There are a few implementation issues here. The biggest of these is very simple - we do not have enough good academy chains as it is. There is plenty of demand for school support services at the moment and some existing school chains are extremely weak; Sir Michael Wilshaw, the chief inspector, has recently started to worry more about them.

Mary Bousted, general secretary of the Association of Teachers and Lecturers, said: "It is hard to see how the government's plans will work when there aren't enough high quality multi-academy trusts to cope with thousands more schools and some trusts are performing as poorly as the worst local authorities according to Sir Michael Wilshaw."

This proposal would also create a lot of work for the Department for Education, which has struggled with its existing workload. Since 2010, its role has gone from being a strategic body to deciding on rules for individual schools. The skills of its employees have not kept up.

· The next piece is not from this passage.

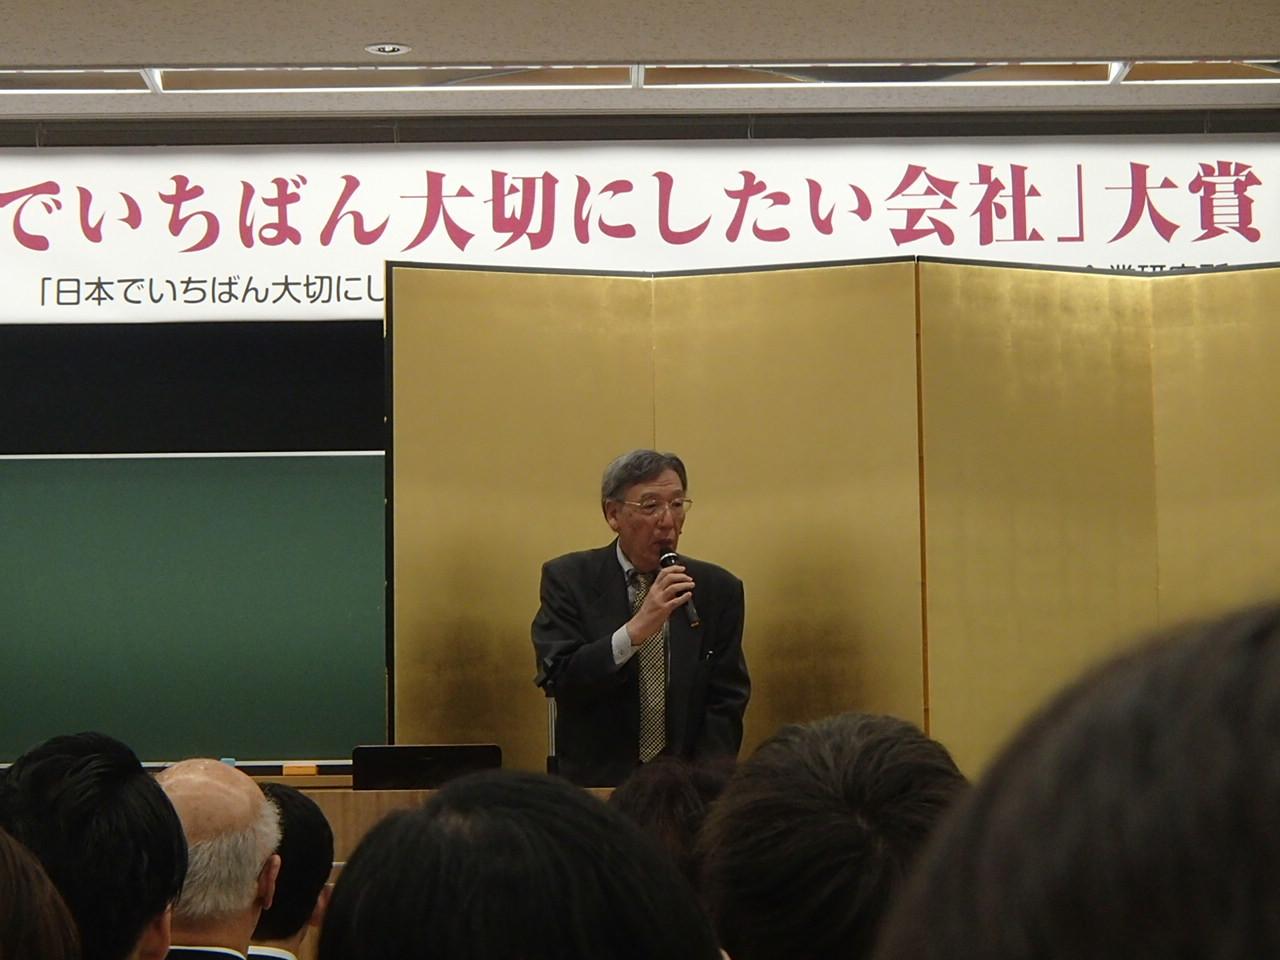 第8回「日本でいちばん大切にしたい会社」大賞の表彰式・懇親会に参加させて頂きました。_e0190287_19054491.jpg
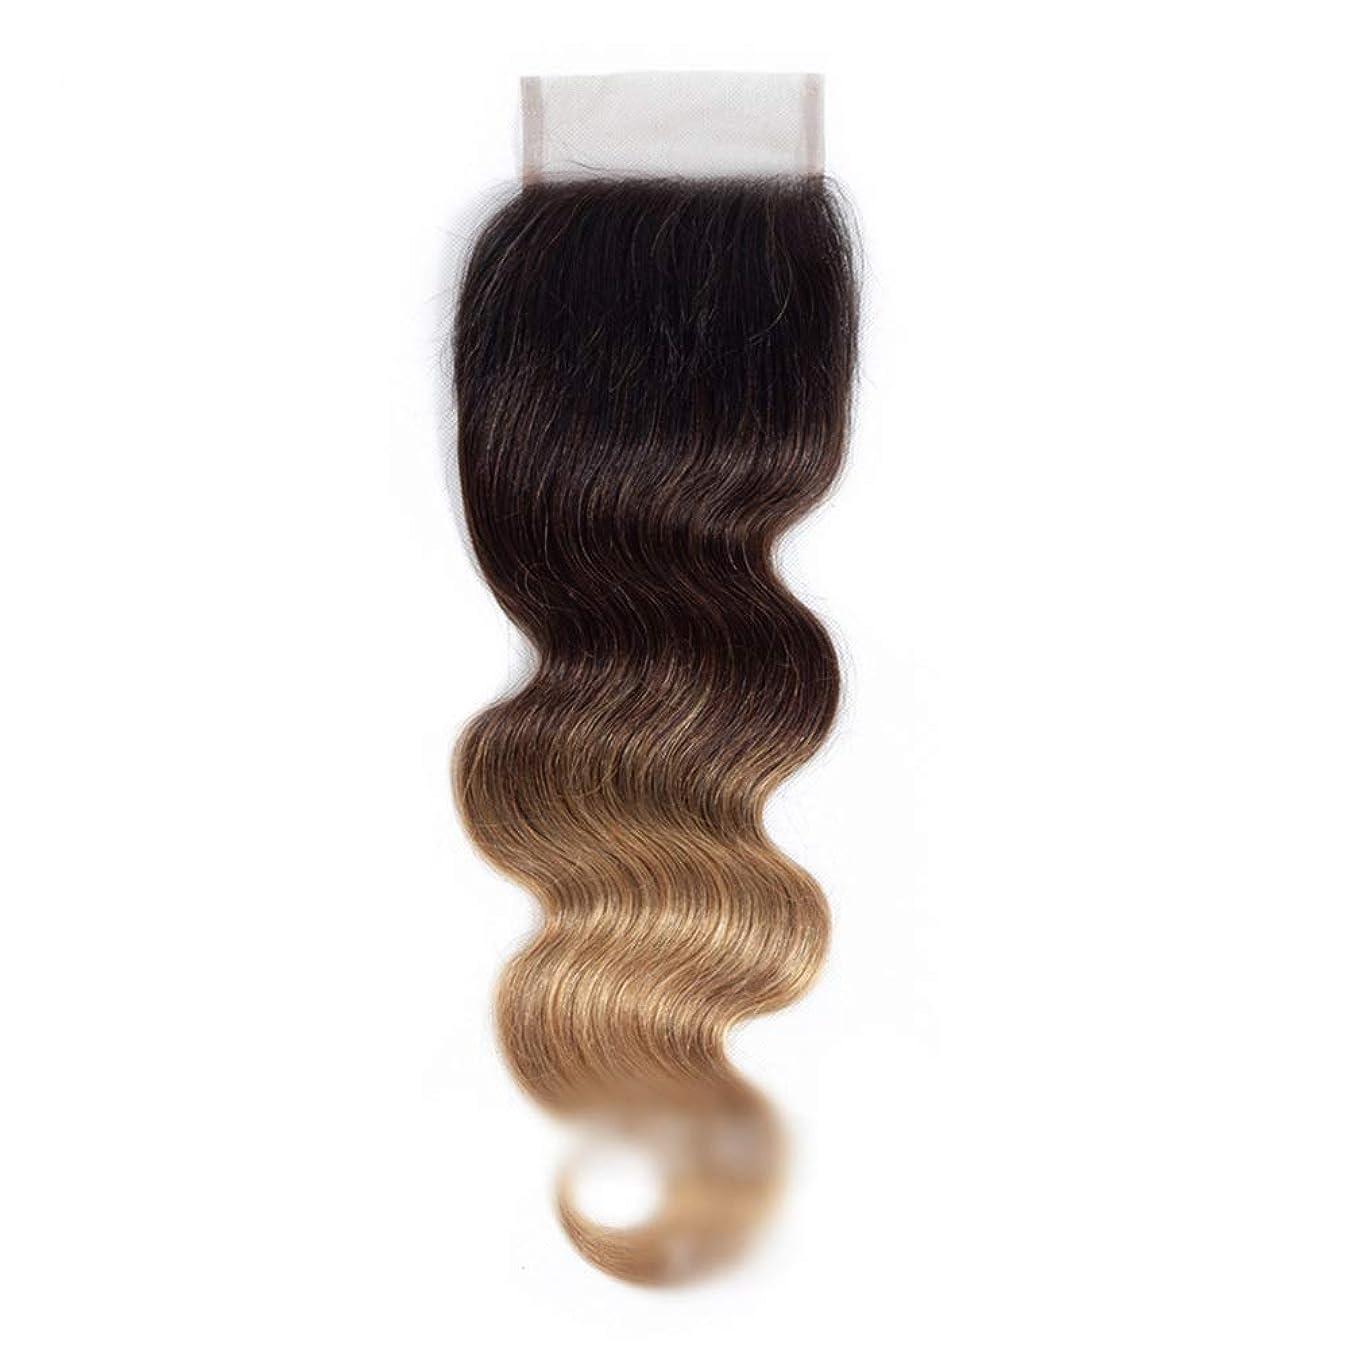 校長追い出す生き残りますBOBIDYEE ブラジルの実体波人間の髪の毛の耳に4 * 4レース前頭閉鎖1B / 4/27 3トーンカラーブラウンウィッグロングストレートウィッグ (色 : ブラウン, サイズ : 14 inch)

Indeed, even the two most important things a Whitehall department must do, keeping to its budget and being accountable for spending, have proved beyond it. The free school programme showed that even the relatively simple task of opening new schools was extremely trying for them.

The Local Government Association, which represents the boroughs, has expressed concern about school accountability.

Roy Perry, chairman of the LGA's Children and Young People Board, said: "It's vital that we concentrate on the quality of education and a school's ability to deliver the best results for children, rather than on the legal status of a school...

"The LGA opposes both forced academisation, and giving significant powers relating to education to unelected civil servants with parents and residents unable to hold them to account at the ballot box."

Furthermore, this proposal would force the DfE to go ahead with plans to fix a number of awkward funding problems - for example, at what level it ought to fund small schools or schools with expensive private finance deals, for example. At the moment, local authorities absorb those problems. "Academisation" would remove that buffer.